◆ TRY IT:
Restate word for word the entries below, starting at the line with "Pink Cummins Trucker" and ending at the line with "Красная демисезонная куртка-рубашка". Keep both end lines and omit the pictures.

◆ PROVIDED ENTRIES:
◆ ◆ ◆ ◆

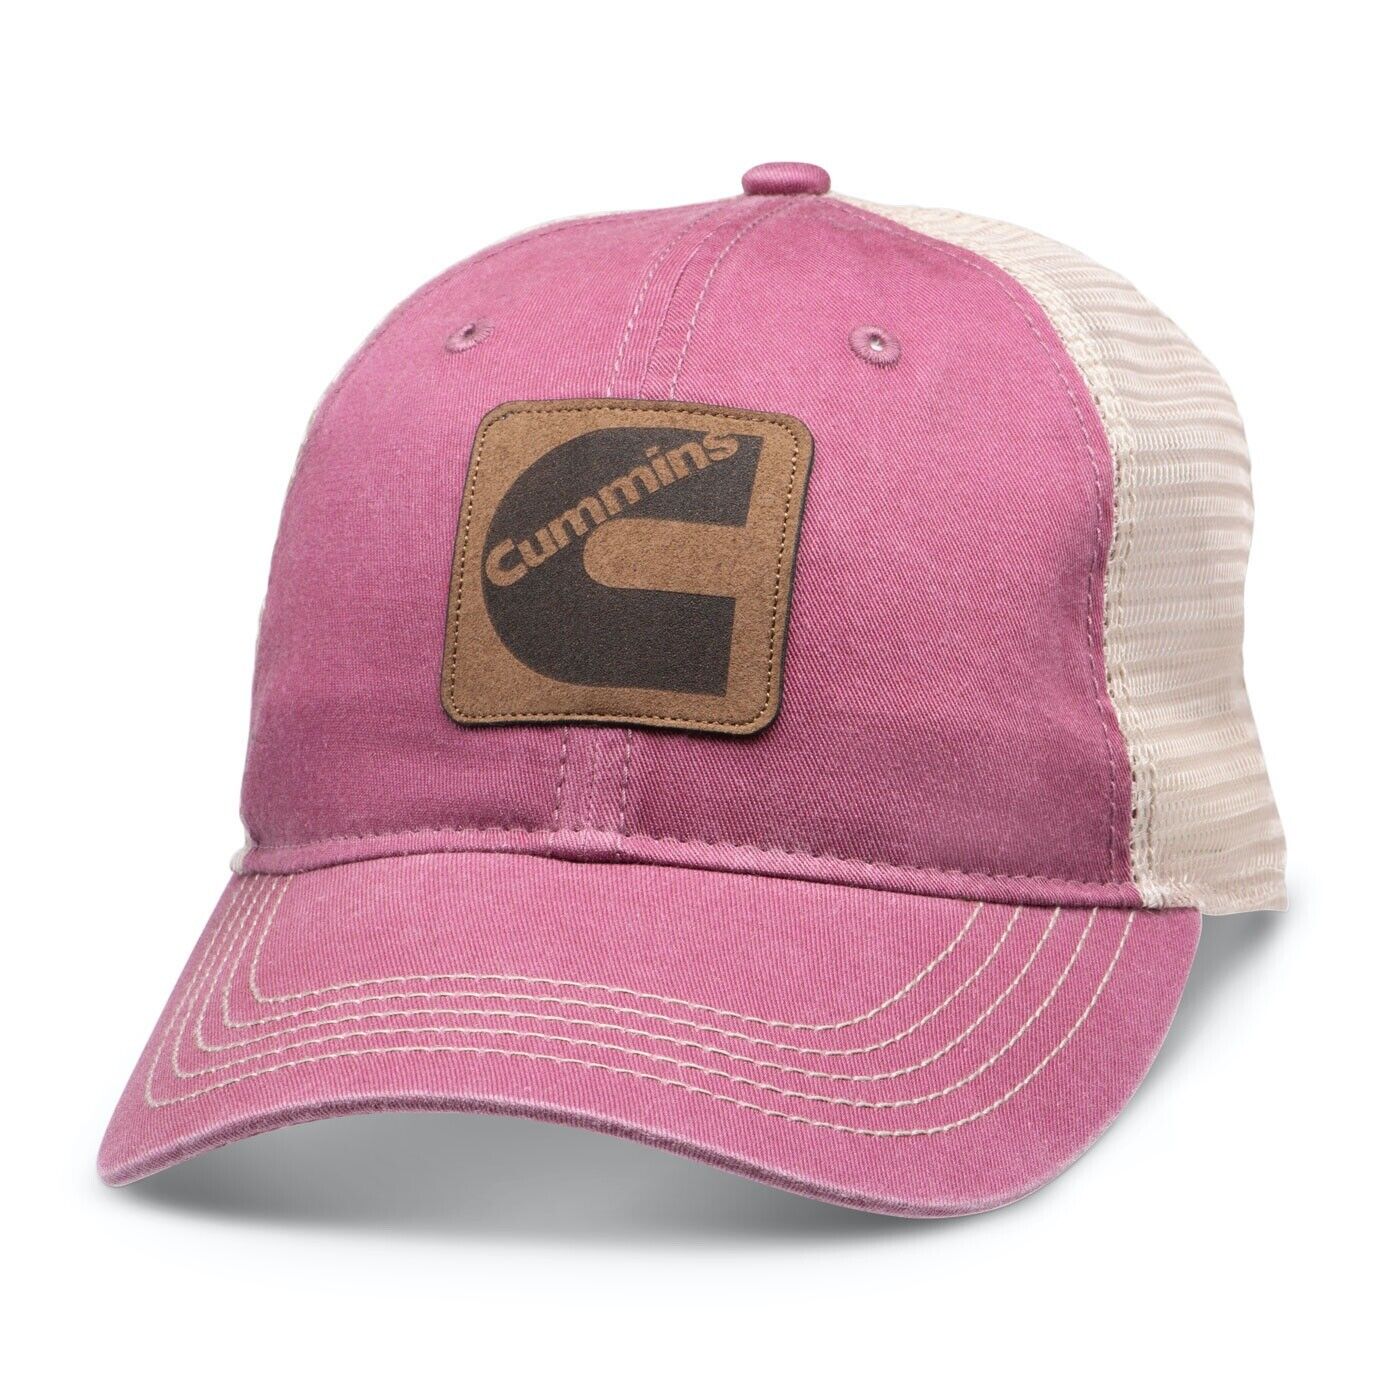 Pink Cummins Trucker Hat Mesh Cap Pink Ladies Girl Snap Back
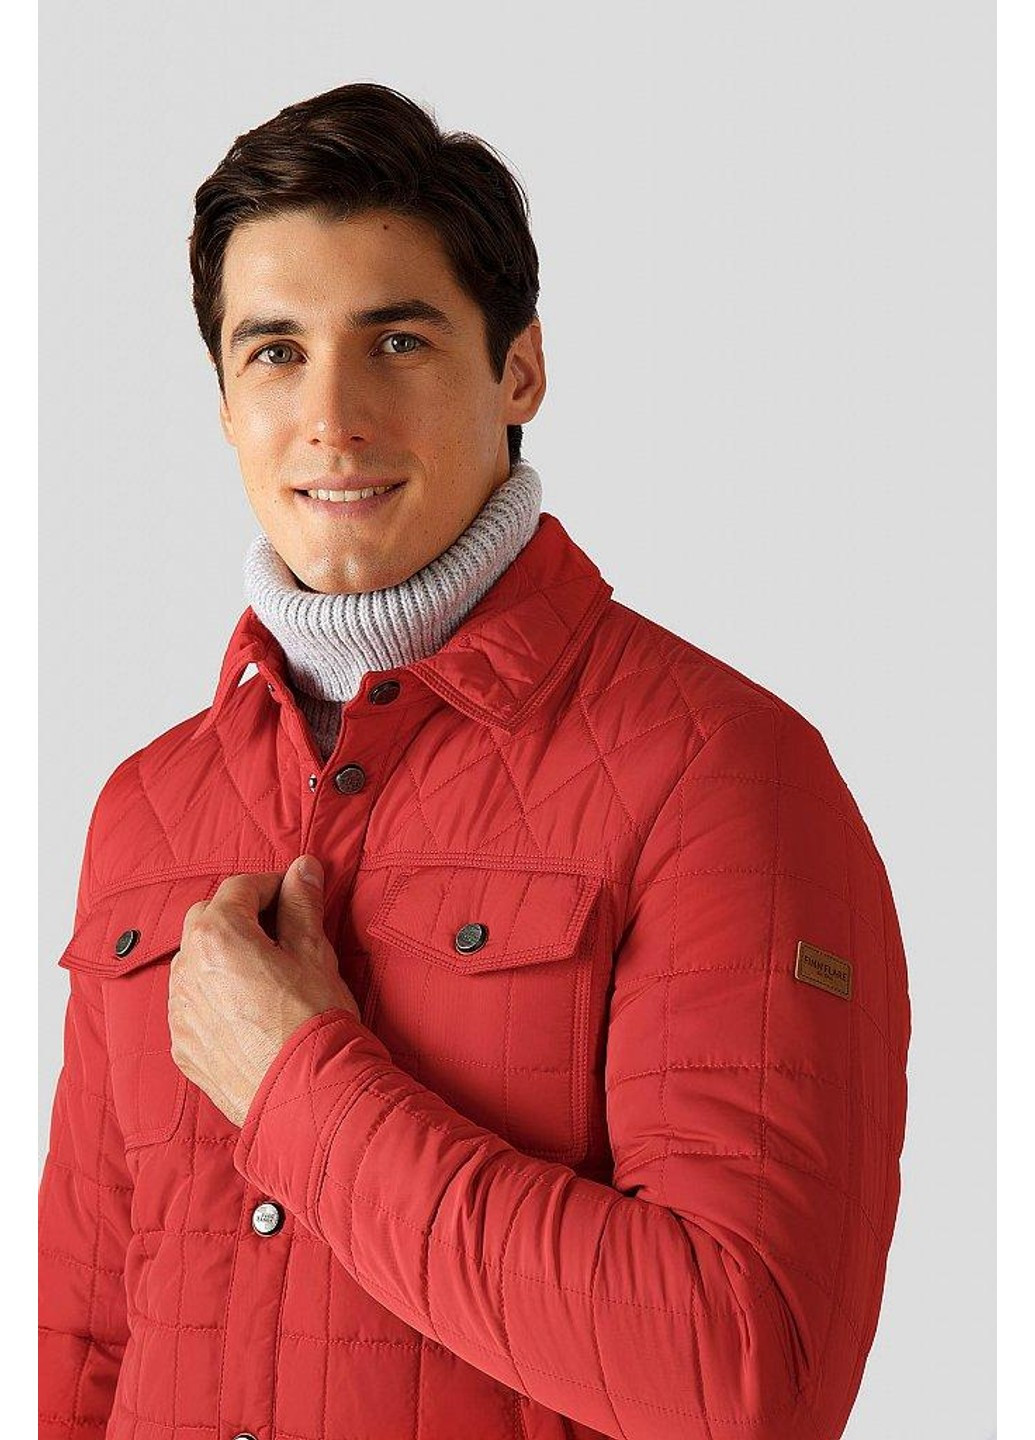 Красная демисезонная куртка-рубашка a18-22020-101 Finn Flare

◆ ◆ ◆ ◆

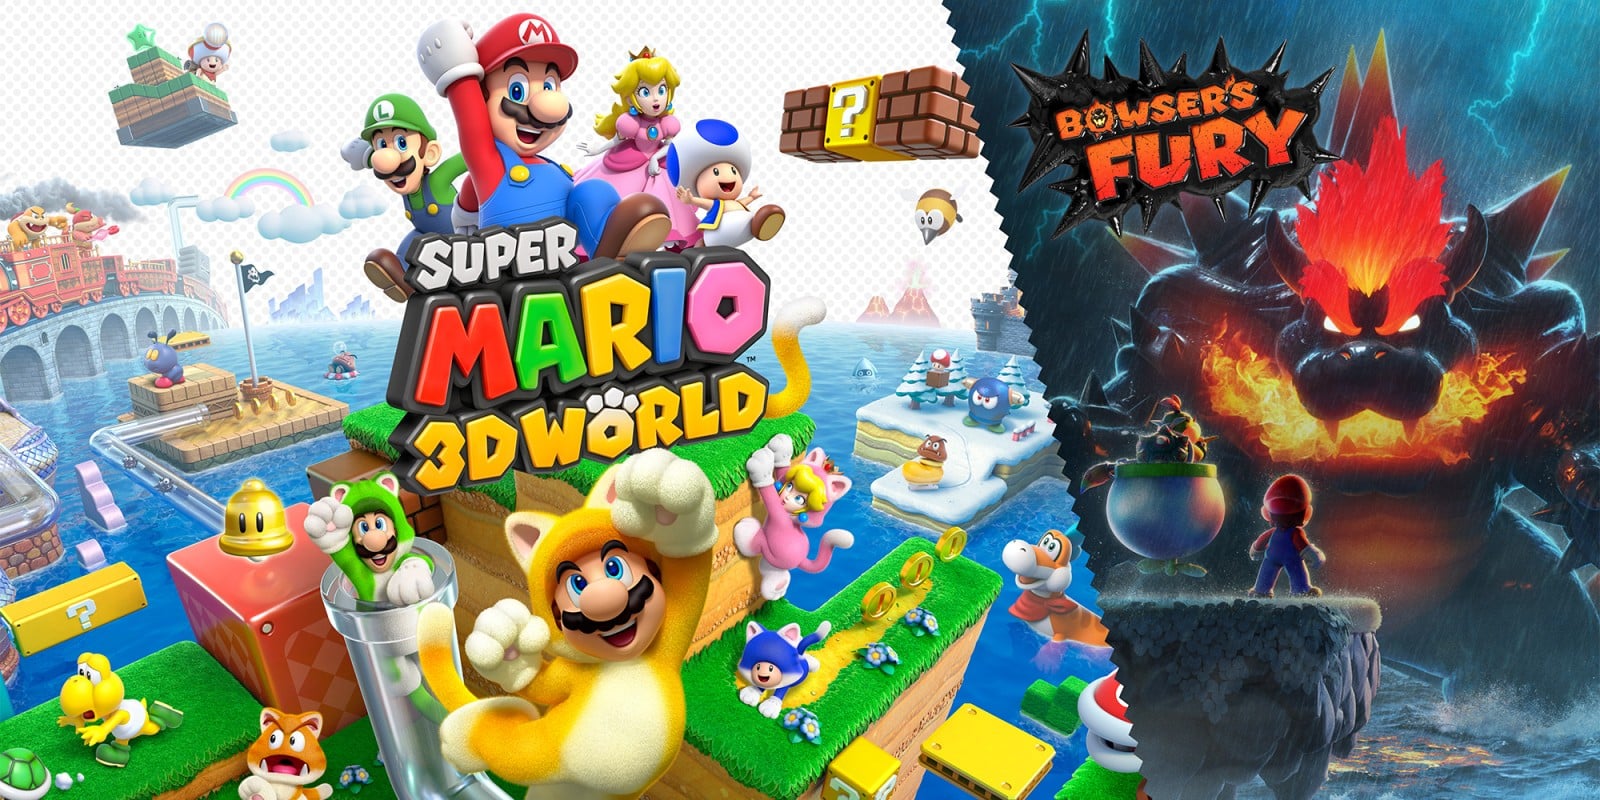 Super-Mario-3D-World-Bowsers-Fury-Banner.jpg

◆ ◆ ◆ ◆

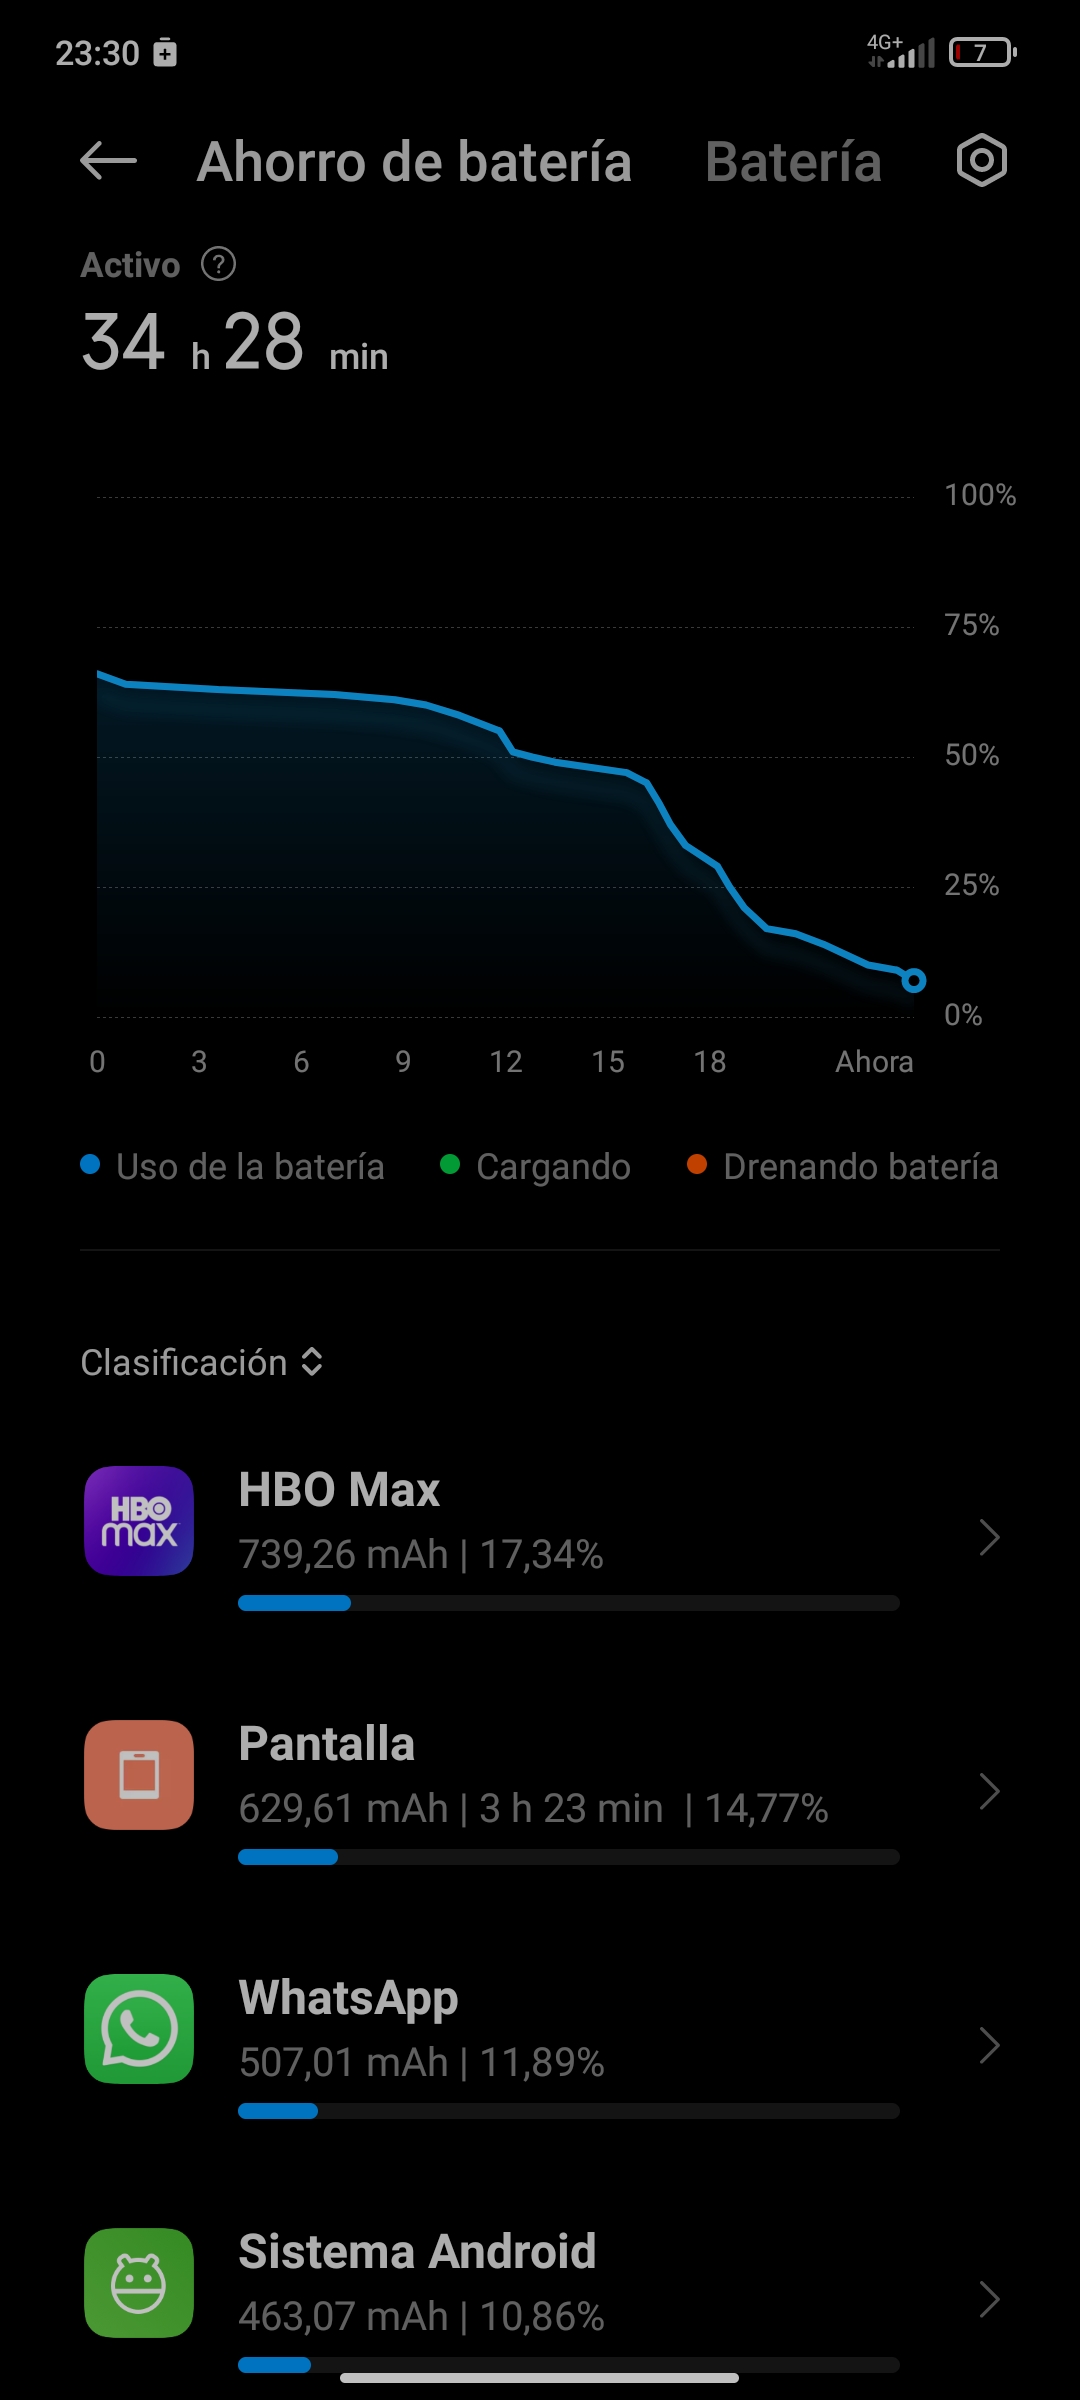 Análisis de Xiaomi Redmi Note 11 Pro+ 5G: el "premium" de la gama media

◆ ◆ ◆ ◆

◆ FINISHED EXERCISE:
 Pink Cummins Trucker Hat Mesh Cap Pink Ladies Girl Snap Back
 Красная демисезонная куртка-рубашка a18-22020-101 Finn Flare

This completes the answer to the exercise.